[Opening The data section]

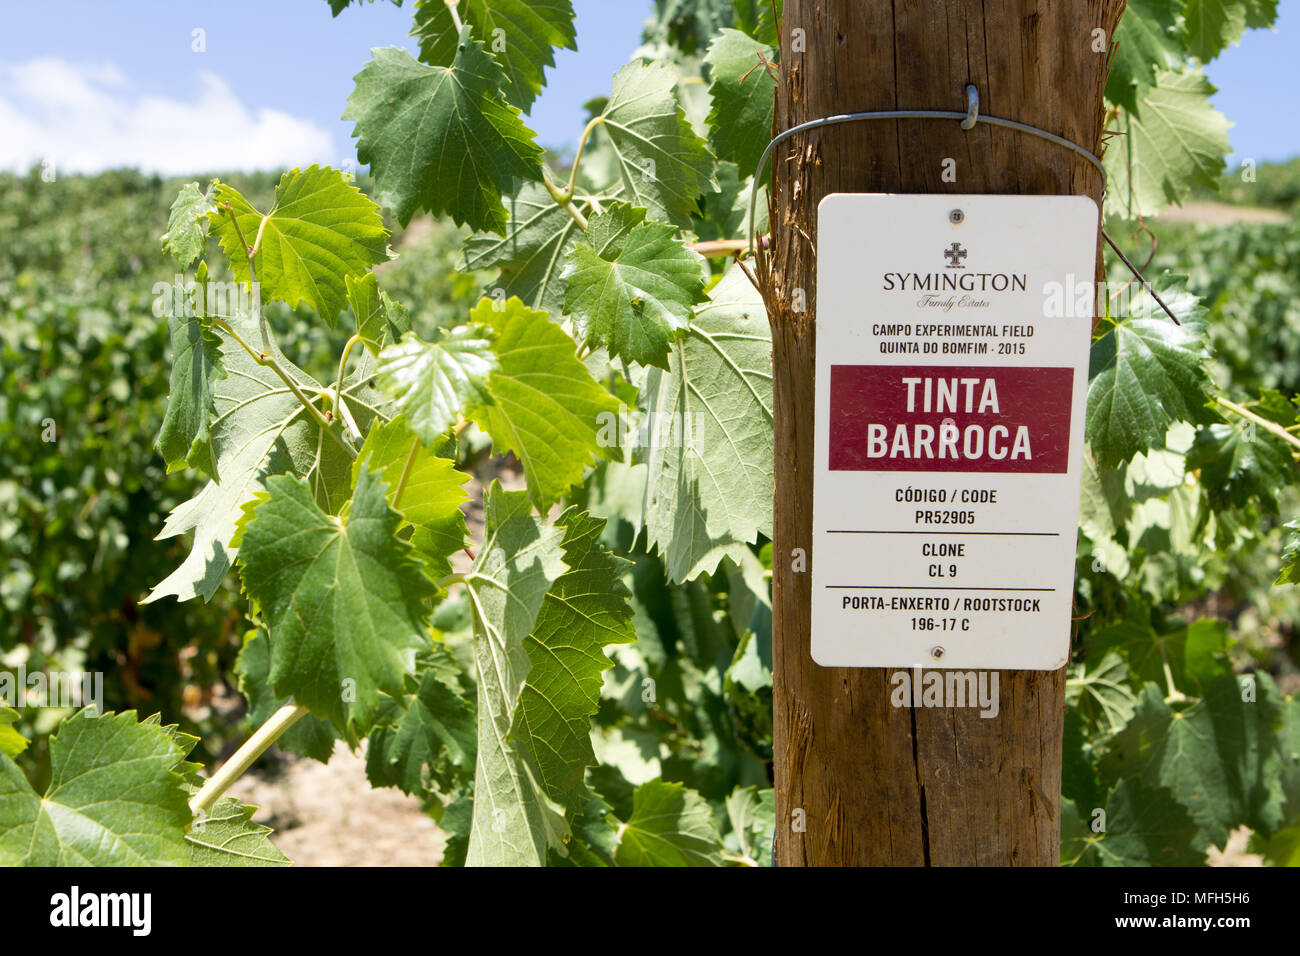 Tinta Barroca grape variety Stock Photo
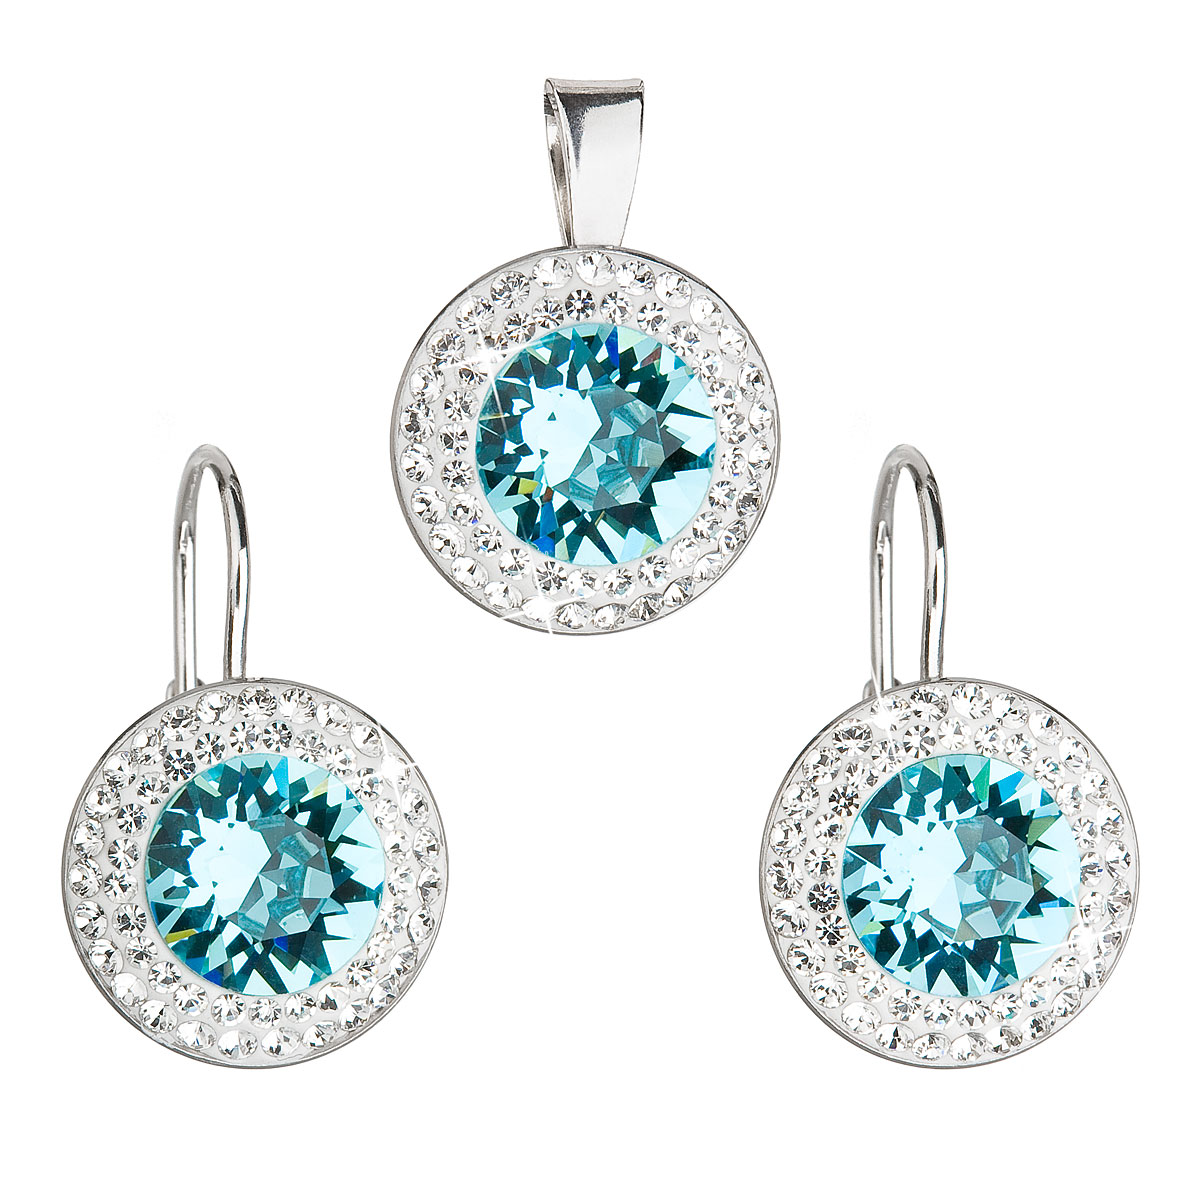 Evolution Group Sada šperků s krystaly Swarovski náušnice a přívěsek modré kulaté 39107.3 turquoise
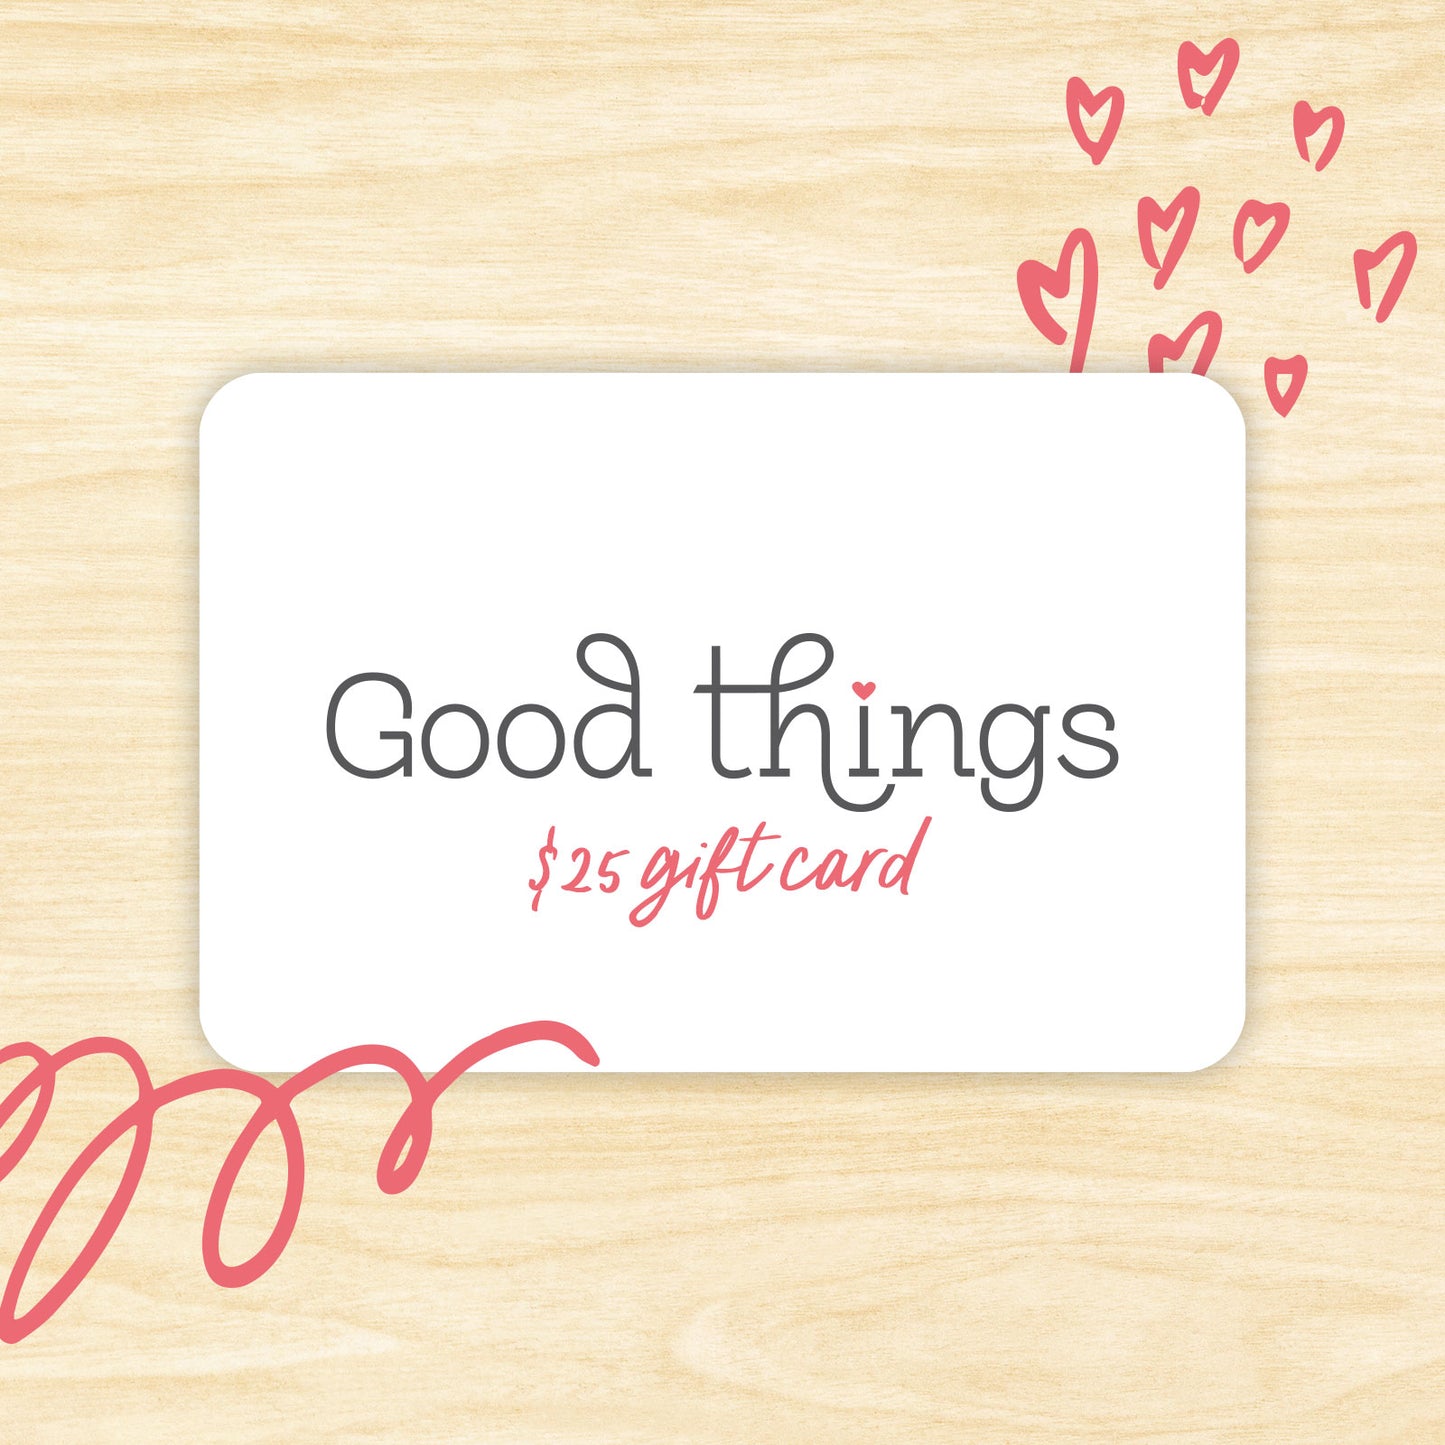 Good Things Digital Gift Card
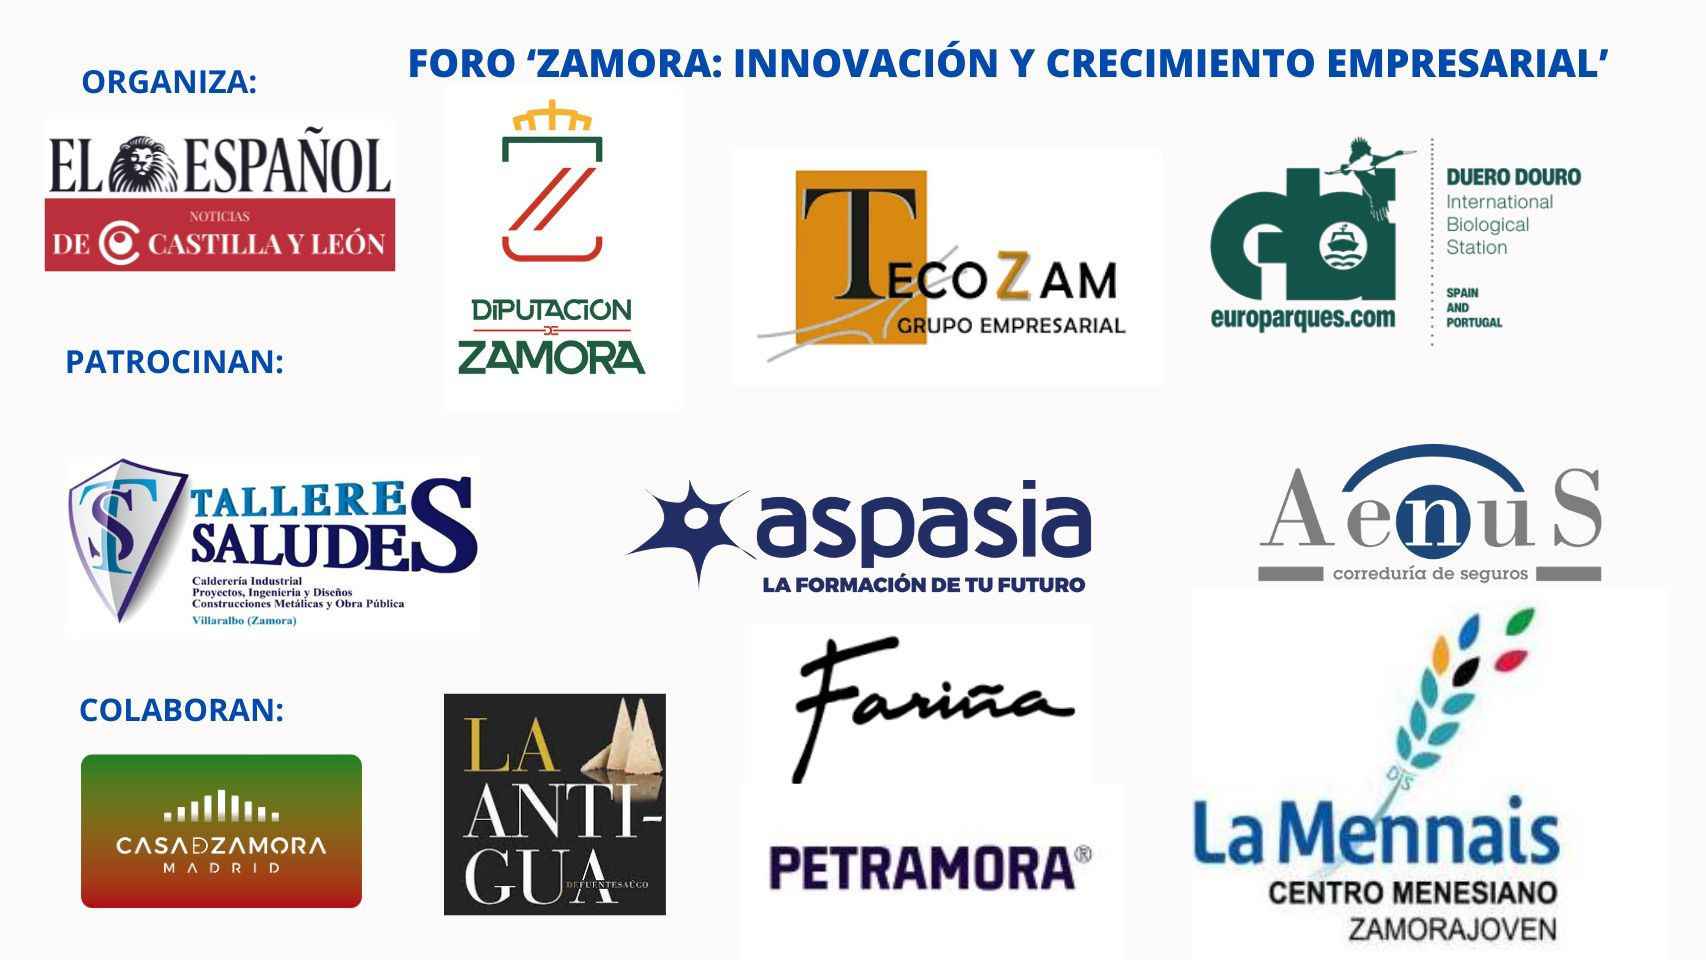 Cartel con los patrocinadores del Foro 'Zamora: innovación y crecimiento empresarial'.

[Closing The data section]

**What the task asks:** Please leave the images out and retype the rest of the material exactly.

**Exercise answer:**
 Tinta Barroca grape variety Stock Photo
 Evolution Group Sada šperků s krystaly Swarovski náušnice a přívěsek modré kulaté 39107.3 turquoise
 Good Things Digital Gift Card
 Cartel con los patrocinadores del Foro 'Zamora: innovación y crecimiento empresarial'.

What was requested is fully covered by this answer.